What I Learned about Teaching Writing from Swim Lessons

Although this post isn’t what I intended to write today, it is the post that needs to be written today. Nate is a good friend of my husband and mine. He is quite simply amazing. He is 20 years old and every time I’m around him I learn something that makes me a better person. What makes Nate even more genuine is he is not perfect. He is a typical college guy — at least on the surface he seems that way. Once you know him, you realize there is something remarkable about him. Today’s post is all about what I’ve learned by watching him teach our kids swim lessons this summer.
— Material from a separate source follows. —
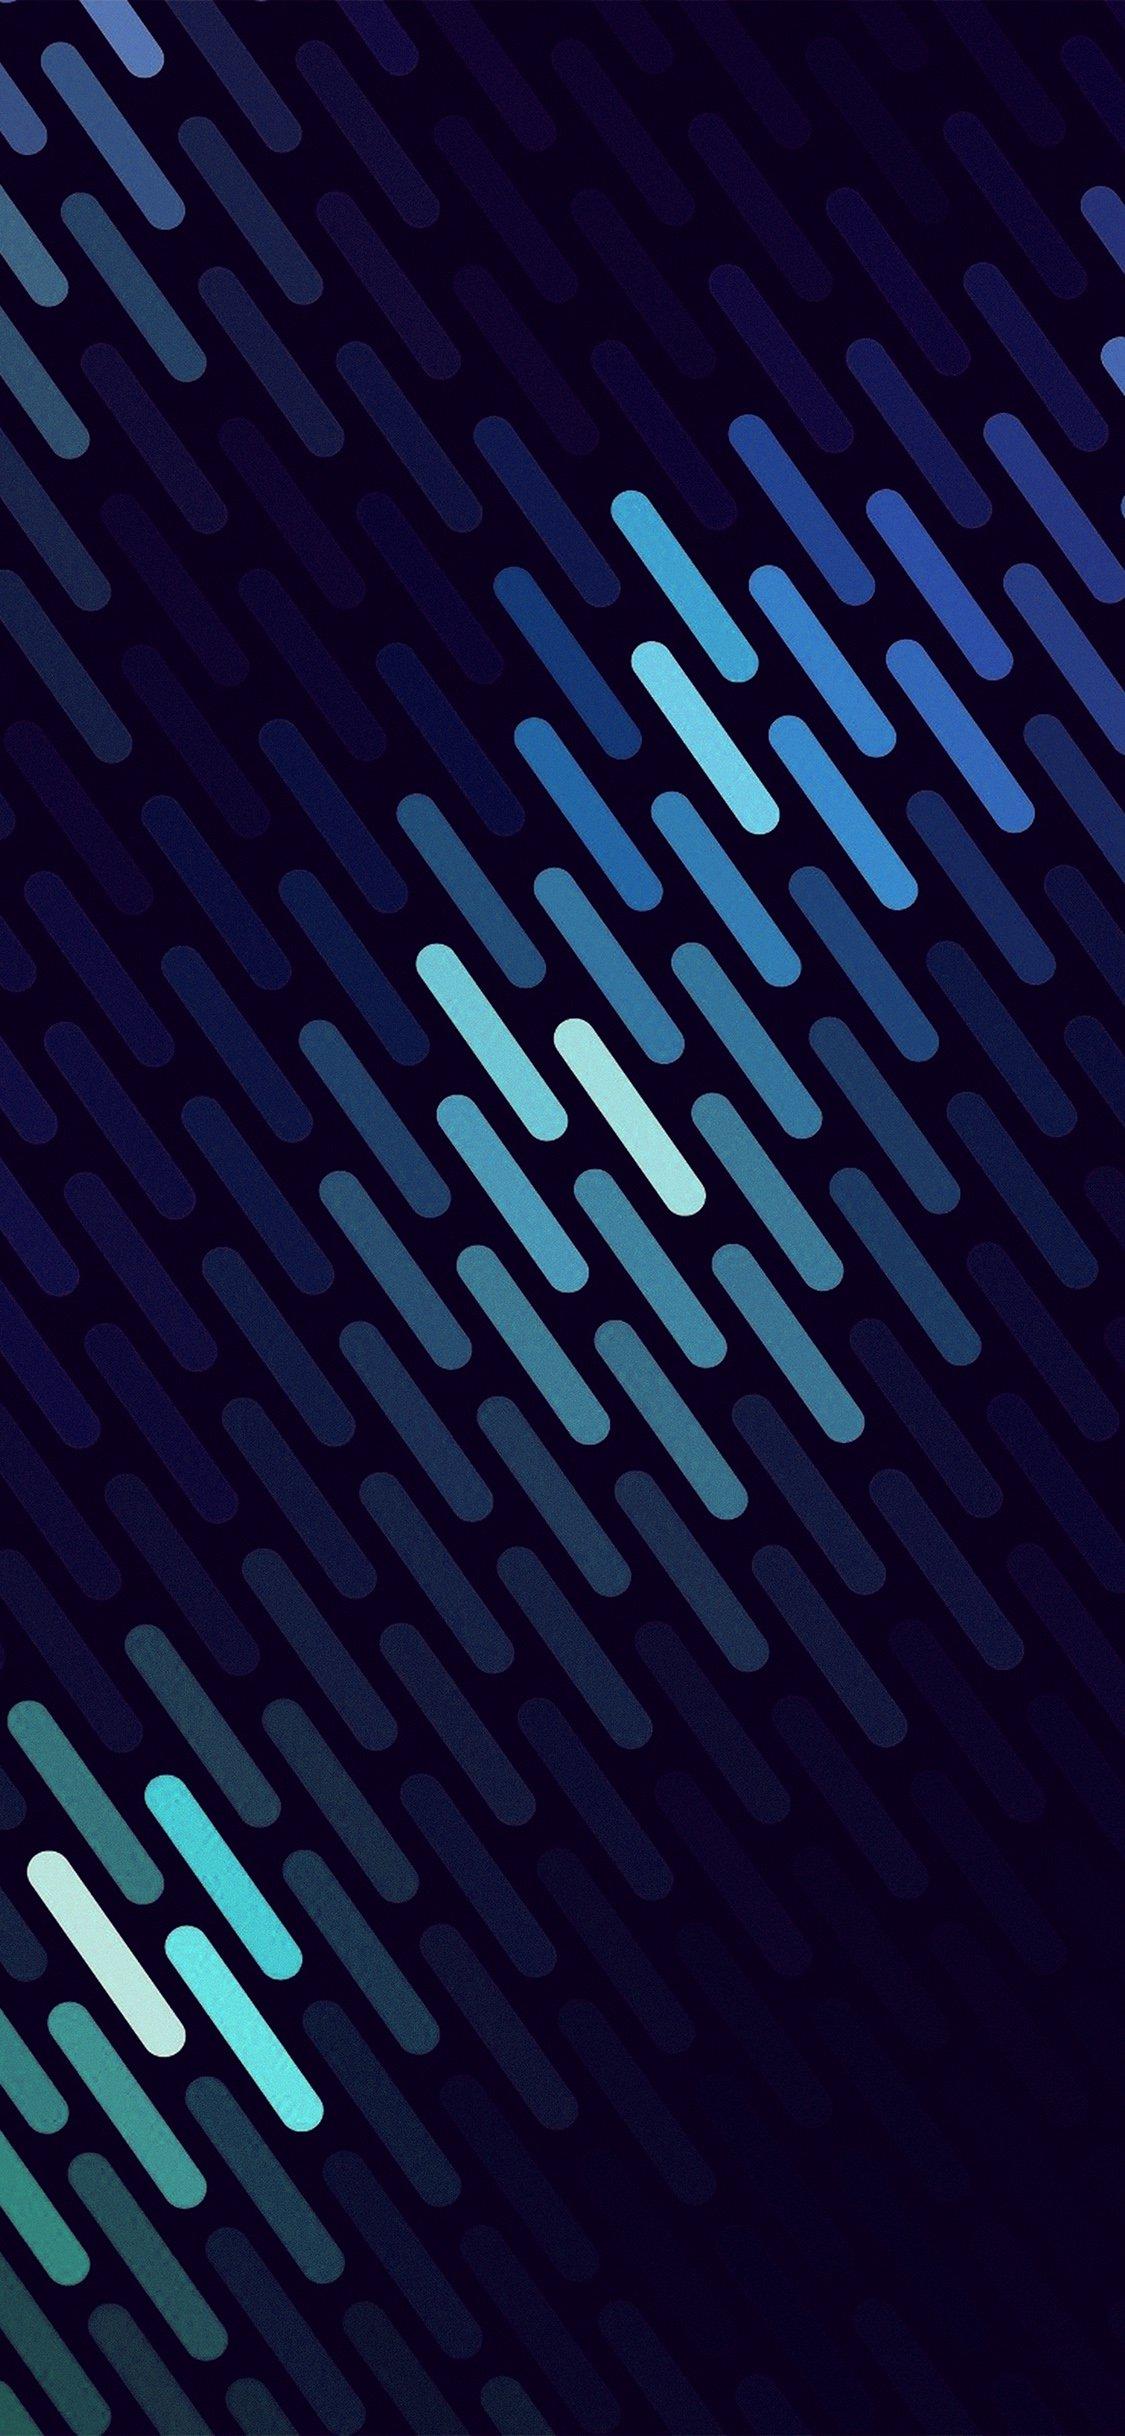 iPhone wallpaper. abstract blue
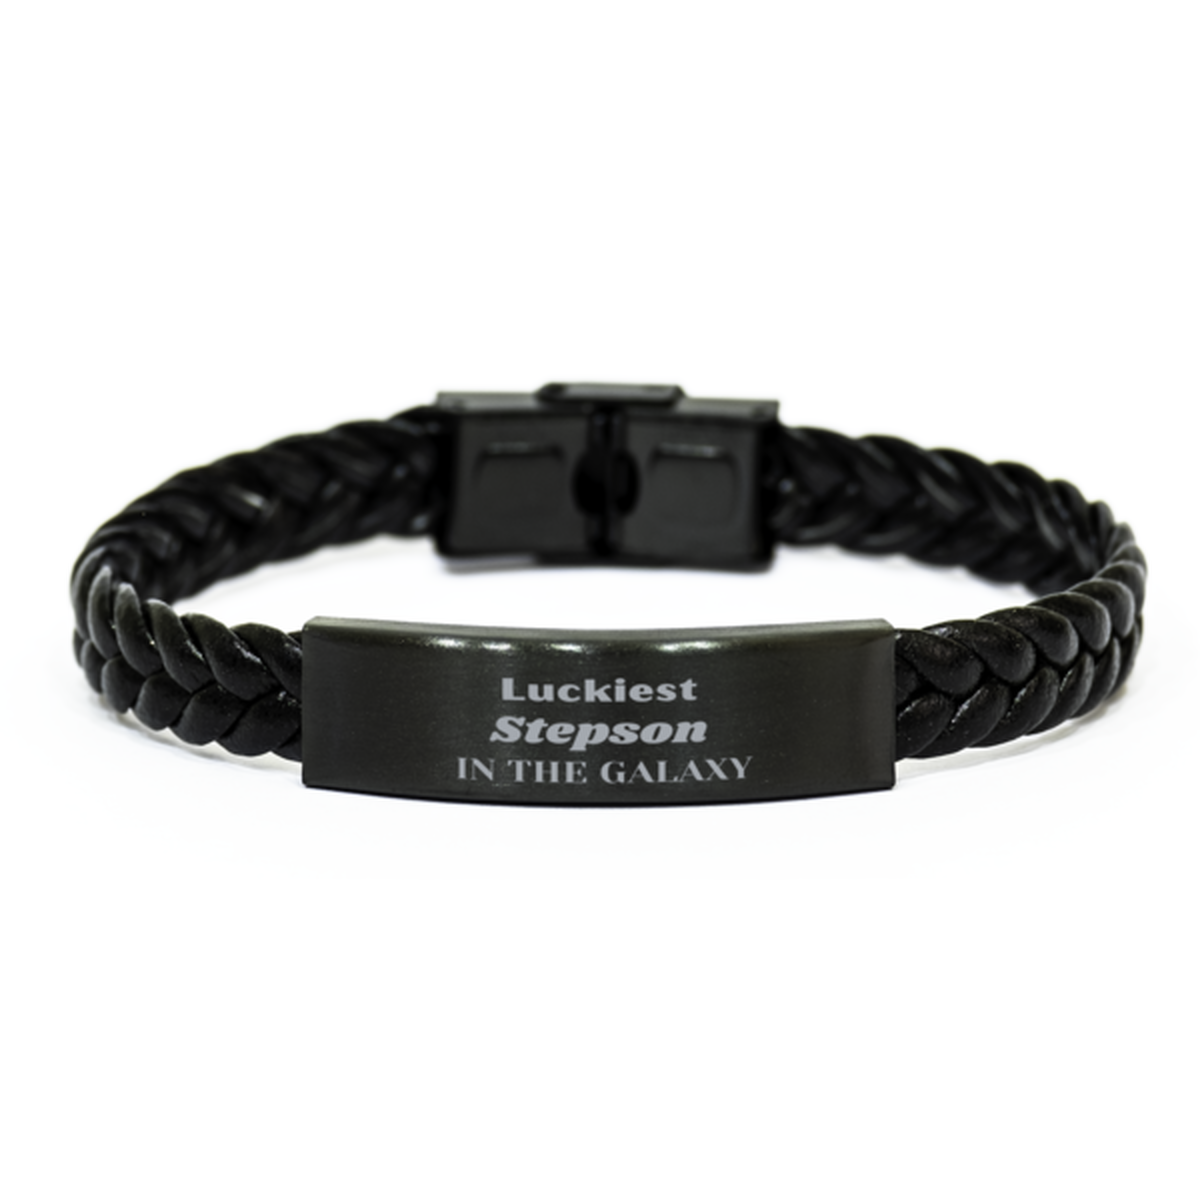 Luckiest Stepson in the Galaxy, To My Stepson Engraved Gifts, Christmas Stepson Braided Leather Bracelet Gifts, X-mas Birthday Unique Gifts For Stepson Men Women

  • Get in the pool. Nate was a competitive swimmer. He knows how to swim well, so he can teach in a richer way. As writing teachers, we need to put words on paper. It gives a deeper insight into how to teach writing well.
  • Teach one thing. After watching a swimmer he gave one suggestion to make the stroke better — Keep your legs straight, Get your elbows out of the water, OR Put your whole face in the water. He wouldn’t demand all of those things, just the ONE most pressing.
  • Model. With every piece of verbal instruction, Nate also showed what it would look like. He did this almost every time. He was constantly modeling.
  • Give lots of encouragement. High fives, thumbs up, and verbal encouragement were as much a part of his time as anything else. When someone was nervous or didn’t think they could do something his response was, “Sure you can, watch me. Now let me help you. Just do this one part . . . ” Then after the attempt he celebrated with them until they were going to crack from smiling with pride.
  • Adjust to different personalities. My oldest daughter is sensitive and wants to please people. Nate’s work with her was quiet, gentle, and non-stop encouragement. My middle daughter is the complete opposite. Nate would yell across the pool to her. He was a little more “in her face” and demanding. She responded better to this kind of interaction. After each accomplishment Nate would offer her a high-five and lots of encouragement. My son is four and ornery. Nate once again adjusted his teaching. He would splash back, do things to make him laugh, and tease more. The encouragement was still always there.
  • Give everyone else time to practice while you work one on one. Nate would take one person to the other end of the pool while everyone else was able to practice in the shallow end. Although the kids left in the shallow end weren’t always “on task,” they were in the pool and that was what mattered. Nate wanted them to enjoy being in the water.
  • Smile. Nate smiled a lot. When kids accomplished something, when they refused, when they were nervous, Nate smiled. Nate loved swimming and he loved kids. He couldn’t help but smile. Smiling goes a long way and we should do this more when teaching writing.
  • Set boundaries. When kids did something they weren’t suppose to, they paid the consequence. He made his explanations clear and the consequence for crossing a boundary evident up front. And since he was clear and no one wanted to sit out of the water during practice time, they did what was expected.
  • Give challenges. Laced with the encouragement was a constant challenge. Since Nate is a swimmer himself, he is able to constantly push each person to become stronger.
  • Give a small amount of whole group instruction and a lot of time for practice. His instruction with the whole group was a matter of minutes. Then he watched them all attempt the teaching point. Then he would call them together and refine his instruction. He never “instructed” for more than a few minutes at a time. He knows learning happens by doing.
  • Teach the big things first. From a distance I would watch kids attempting the different strokes. Although I know how to swim (I was a life guard throughout college), I don’t have the same kind of training as Nate. I would watch an attempt and think “Where do you even begin to teach?” However, Nate would pinpoint one thing that would make a difference. Ignoring everything else, he would say, “Good job, now this time would you try ______?” He made his teaching important by focusing on the things that would make the biggest difference.
  • Ignore the mess. Learning something new can be messy. Nate ignored the mess. Instead he focused on encouragement and teaching one thing. As a writing teacher I need to ignore the mess a little more.
  • End with fun. The end of each session involved jumping off the diving board. For the little kids they jumped into Nate’s arms. Nothing is more fun than boinging off a diving board into the deep and either swimming to the side or being caught by someone special.
  • Give a reminder at the very end. As they were drying off, he would say to each person, “Now what are you going to think about until you come back?” He would give one reminder. The really big thing he expected of each person.
  • Celebrate BIG from time to time. At the end of all the lessons, we had a pool party. Nate played in the water with them. Tossed them, tipped them off of floaties, let them hang from his strong arms, showed them back dives, and made waves in the pool until their giggles left them breathless. He also arranged for his mom to make brownies, complete with gummy worms. We sat around a table by the pool and talked, laughed, and joked.

I am a better teacher because of Nate. These lessons will go with me into classrooms next year.